Every time I visit the grocery store, I’m drawn to the gorgeous covers of home décor magazines lining the checkout aisle. While my kids beg for the chocolate bars and Kinder eggs on the shelf (not happening!), I yearn to get lost in the pages of the latest Canadian House & Home, Dwell and House Beautiful.
I’ve always loved DIY projects and getting crafty.

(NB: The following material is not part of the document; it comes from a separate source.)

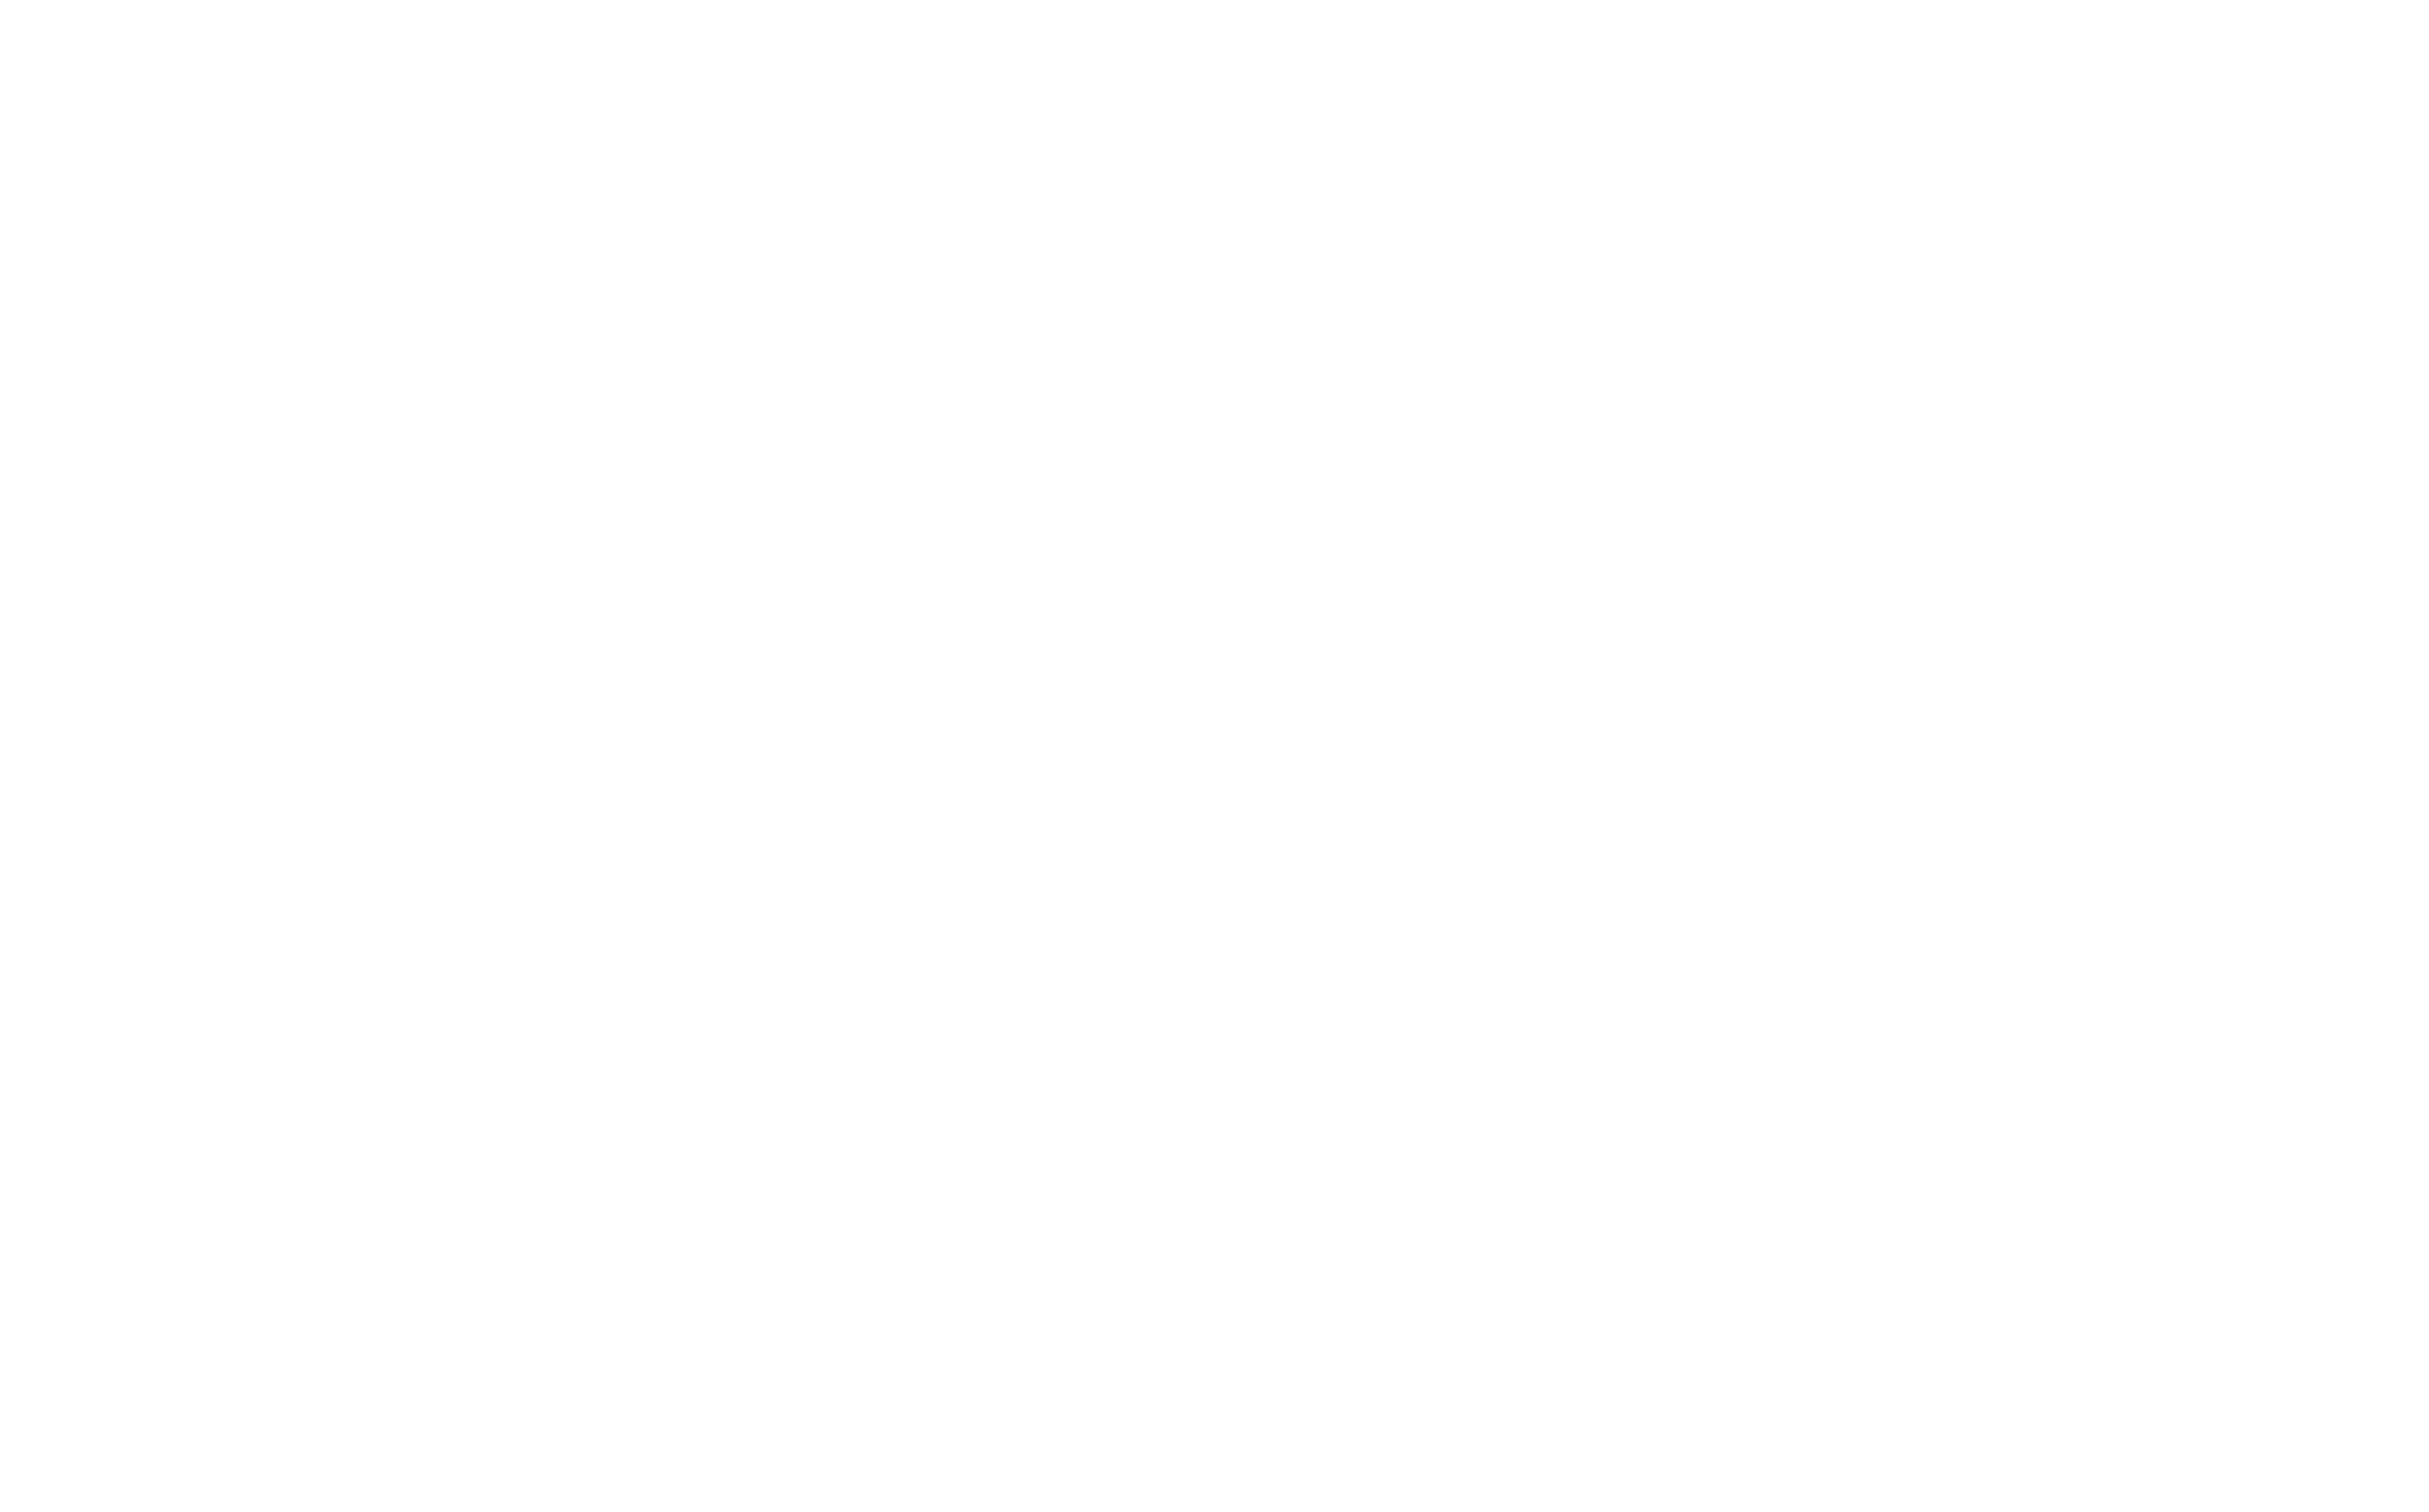 Spectrum Recordings

Since the demands of family and business leave very little time to indulge my artsy side these days, whenever I do decide to tackle a project, I usually involve my kids so we can have some fun together.
Over the years, I’ve made some cool stuff – from my wedding dress to the artwork decorating my kids’ nurseries – and, to be honest, most of it was created out of need more than frivolity.
The same can be said of my latest project – the huge hole in the wall separating my bedroom and hallway that needs to be covered up.
We discovered this cut-out when we moved into our home a few years ago. It had originally been masked by artwork, and we realized it had been created to help get oversized furniture into the master bedroom. Since we’ve found it useful for getting large items up the adjacent stairs, we decided not to drywall over it as originally planned and, instead, fill it with (removeable) foam (see image above) and cover it up with art just like the previous owners had done.
The only problem? Finding artwork to fit!
Its large size (30” x 60”) makes buying art from a gallery prohibitive (pieces that big start at over $1000). And, even if we wanted to invest in artwork, the chance of finding a canvas to fit those measurements closely is slim.
So I decided that a fun DIY project was just the thing we needed. We like art deco and modern art so we chose to create something reminiscent of Mondrian’s block art. And, we did it using relatively inexpensive materials. 🙂
- Canvas (ours is 36” x 60”, purchased from DeSerres)
- Acrylic paints in various colours
- Foam brushes (purchased from the dollar store)
- Painter’s tape (medium adhesion or higher)
- Drop cloth for easy clean up
1. Use painter’s tape to mask off sections of your canvas; the ruler will help ensure your lines are straight (measure as you go along).
2. When you’re happy with the layout, use the edge of a credit card to smooth the tape down, ensuring edges are adhered to the canvas (this helps prevent paint from bleeding under the tape)
3. Plan out your colour palette and paint each square accordingly.
We chose assorted hues (my kids mixed many of the colours themselves), but you could use primary colours, as Mondrian did, or a colour scheme of your own choosing.
4. Gently remove tape from the canvas.
5. Clean up any ragged lines with a bit of white paint; apply it using the straight edge of a foam brush for a smooth line.
6. Enjoy your new work of art!
Add texture to your painted squares using bubble wrap, plastic wrap or rough fabric (nubby linen works well). Simply set the item on the wet paint, press, and pull off.
I can honestly say we are thrilled with our new artwork – and the price tag (under $100!). I think Piet Mondrian would be proud.